While I am aware that MS insists none of that is true, it is fact that 1) the snapshotted and OCR’d Recall data is now stored in an encrypted database that takes higher than average user skill to get into; 2) even users who turned off Recall saw it turned on again at the next Windows Update; and 3) even after MS said they were backing off Recall, MS continued to partner with hardware makers to create computers bundled with Windows 11 on top of the extra GPU necessary for processing all these Recall snapshots without making that sluggish Windows bloat even more sluggishly bloated than it already was.
So why all that money and effort, even as they claimed to be backing away from it, just to help a hypothetically forgetful user here and there?

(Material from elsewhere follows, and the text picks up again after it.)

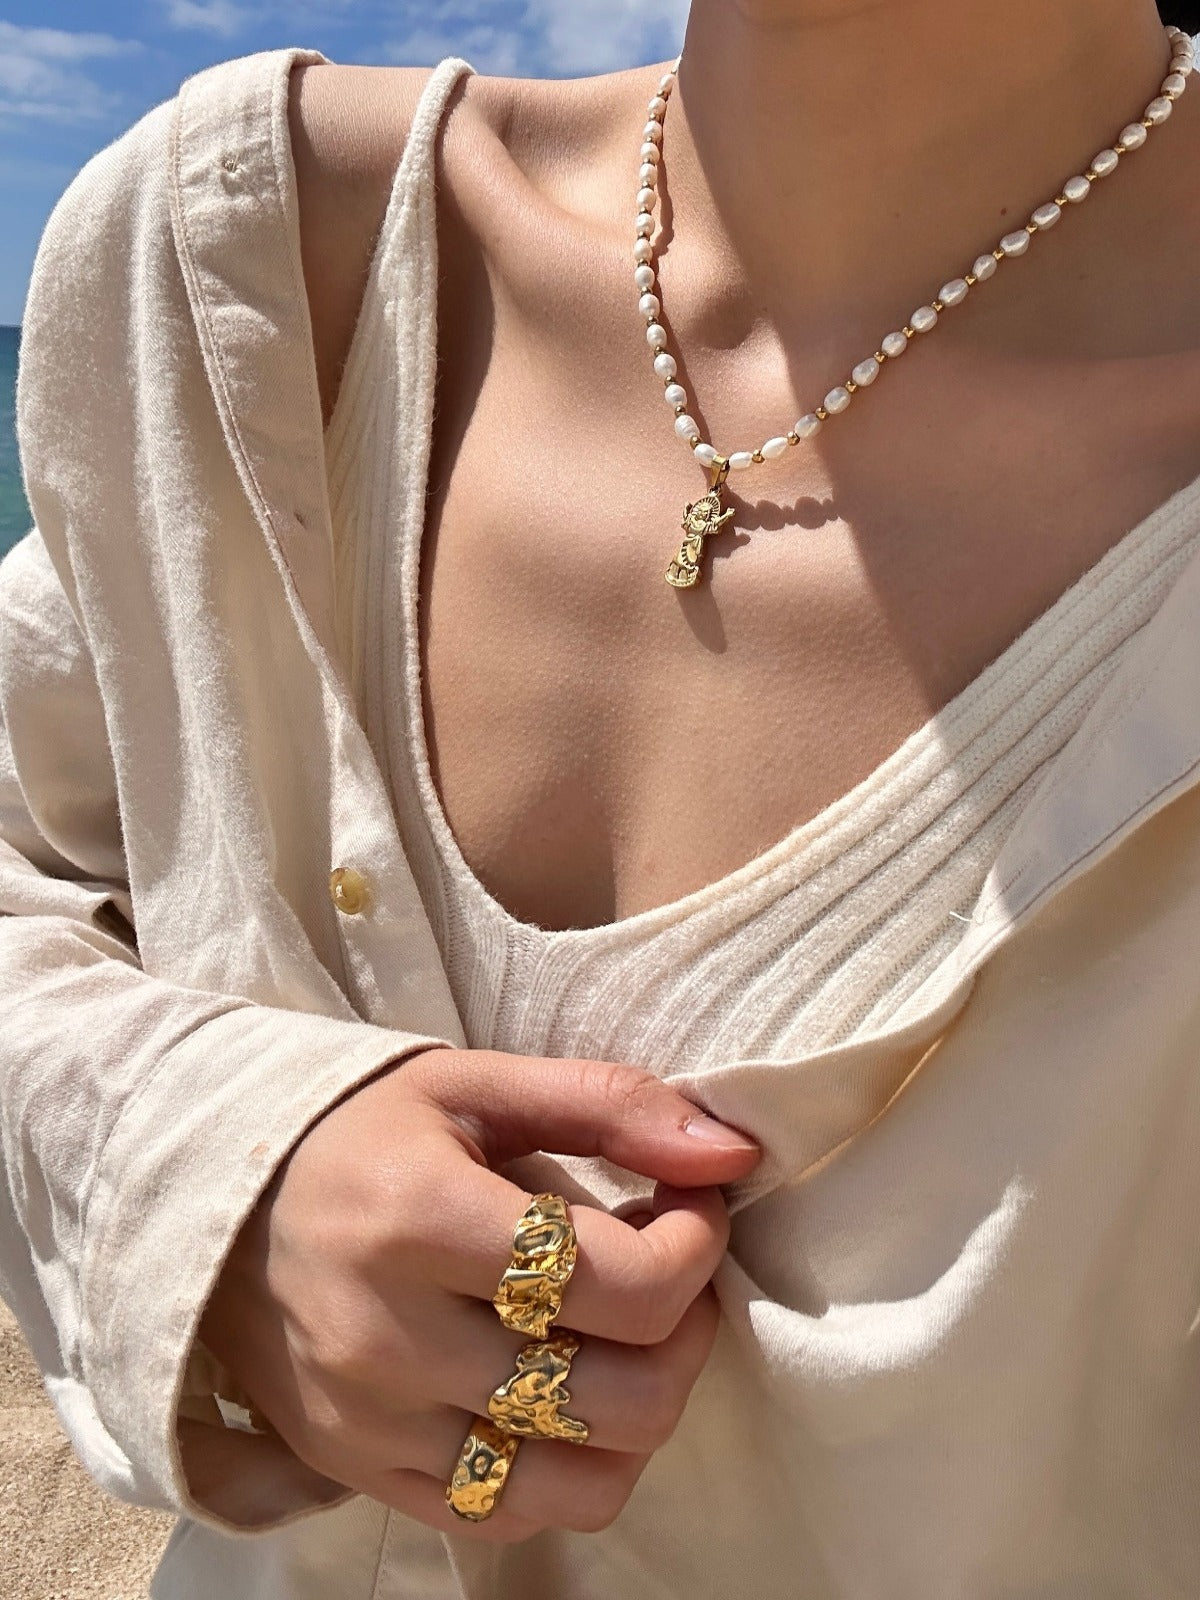 Peru Pearl Necklace

Data harvesting was always part of the payoff, why they were and are very willing to piss off a huge part of their own consumer base around the world by ending Windows 10 unnecessarily, and why even now they keep ramming Recall shit down the pipe when literally NO ONE wants it.
They get your data. At will. And as much of it as they like, without you ever having the opportunity to oversee what they’re getting, much less curate it. And after feeding it to their LLMs, they get to aggregate and broker it to their “partners” as well. Never forget what MS did in Palestine and the partners they can and will gladly work with, all based on massive collections of quietly gathered user data that either should not legally exist, or is not known outside of MS and its partners to exist at all.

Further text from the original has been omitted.